Central nervous system (CNS) drug discovery in the post-genomic era is rapidly evolving. Older empirical methods are giving way to newer technologies that include bioinformatics, structural biology, genetics, and modern computational approaches. In the search for new medical therapies, and in particular treatments for disorders of the central nervous system, there has been increasing recognition that identification of a single biological target is unlikely to be a recipe for success; a broad perspective is required. Systems biology is one such approach, and has been increasingly recognized as a very important area of research, as it places specific molecular targets within a context of overall biochemical action. Understanding the complex interactions between the components within a given biological system that lead to modifications in output, such as changes in behavior or development, may be important avenues of discovery to identify new therapies. One avenue to drug discovery that holds tremendous potential is the use of model genetic organisms such as the fruit fly, Drosophila melanogaster. The similarity between mode of drug action, behavior, and gene response in D. melanogaster and mammalian systems, combined with the power of genetics, have recently made the fly a very attractive system to study fundamental neuropharmacological processes relevant to human diseases. The promise that the use of model organisms such as the fly offers is speed, high throughput, and dramatically reduced overall costs that together should result in an enhanced rate of discovery.

Introduction

Central nervous system (CNS) drug discovery in the post-genomic era is rapidly evolving. Older empirical methods are giving way to newer technologies that include bioinformatics, structural biology, genetics, and modern computational approaches. These newer methods have so far had limited success, however, in part because target identification and validation represent real obstacles to their efficient use. With all these new tools available, the questions one must ask are, “What do we do with them? How can we best use them?” Everyone seems to agree that they represent powerful technologies, if only we can deduce how best to employ them.

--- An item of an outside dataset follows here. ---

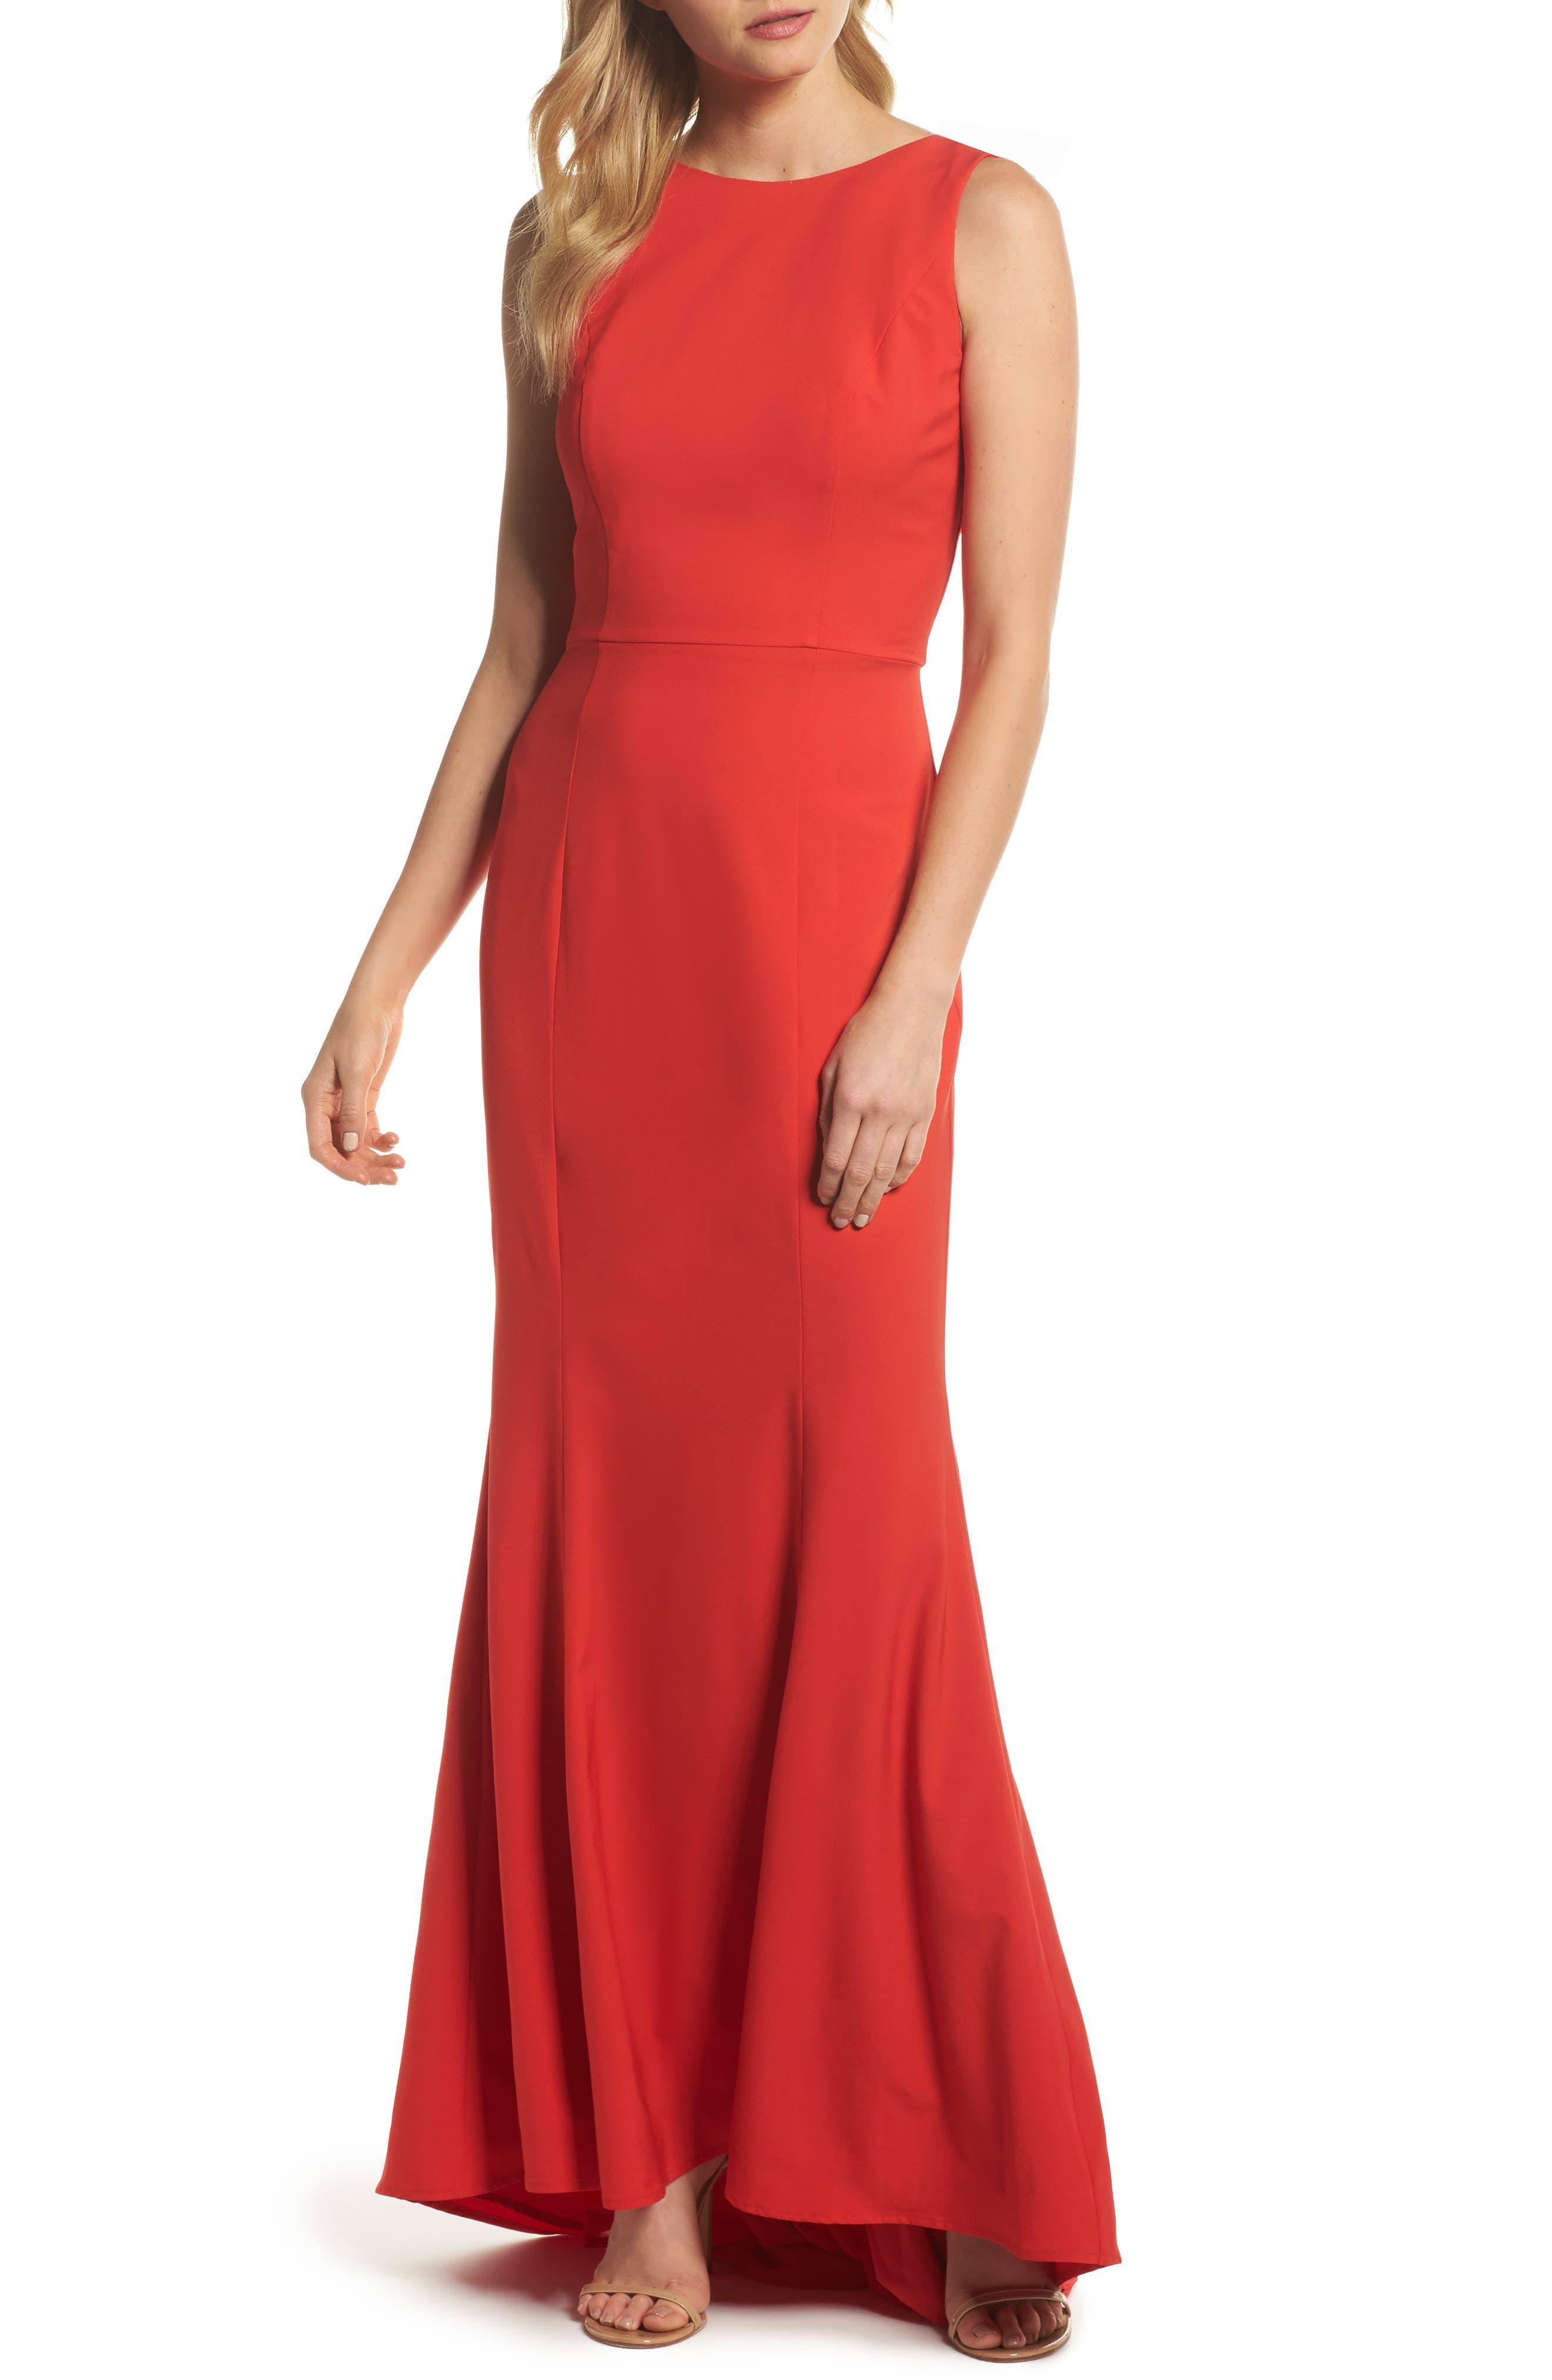 Jarlo Jemima Ruffle Back Mermaid Gown

In the search for new medical therapies, and in particular treatments for disorders of the CNS, there has been increasing recognition that identification of a single biological target is unlikely to be a recipe for success; a broad perspective is required. Systems biology is one such approach, and has been increasingly recognized as a very important area of research, as it places specific molecular targets within a context of overall biochemical action. Understanding the complex interactions between the components within a given biological system that lead to modifications in output, such as changes in behavior or development, may be important avenues of discovery to identify new therapies.

One avenue to drug discovery that holds tremendous potential is the use of model genetic organisms such as the fruit fly, Drosophila melanogaster. Model genetic organisms represent intact living systems where complex biological patterns and processes can be readily examined. Furthermore, the similarity between mode of drug action, behavior, and gene response in D. melanogaster and mammalian systems, combined with the power of genetics, have recently made the fly a very attractive system to study fundamental neuropharmacological processes relevant to human diseases. While the fly is quite similar in many respects to vertebrates, the reader should keep in mind that for each system studied there are likely key differences that need to be taken into account when using the fly as a model. The promise that the use of model organisms such as the fly offers is speed, high throughput, and dramatically reduced overall costs that together should result in an enhanced rate of discovery.

This review, therefore, will serve as a basic primer on Drosophila neuropharmacology. There is no intent to present a comprehensive discussion of all of the important or attractive features of Drosophila as an organism. This review is designed for investigators who have primarily focused on mammalian systems and wish to gain a perspective on how the fly can either complement or even supplant drug discovery research underway in their laboratories. This review should be particularly appealing to those in the pharmaceutical industry faced with the current difficulties of target identification and validation.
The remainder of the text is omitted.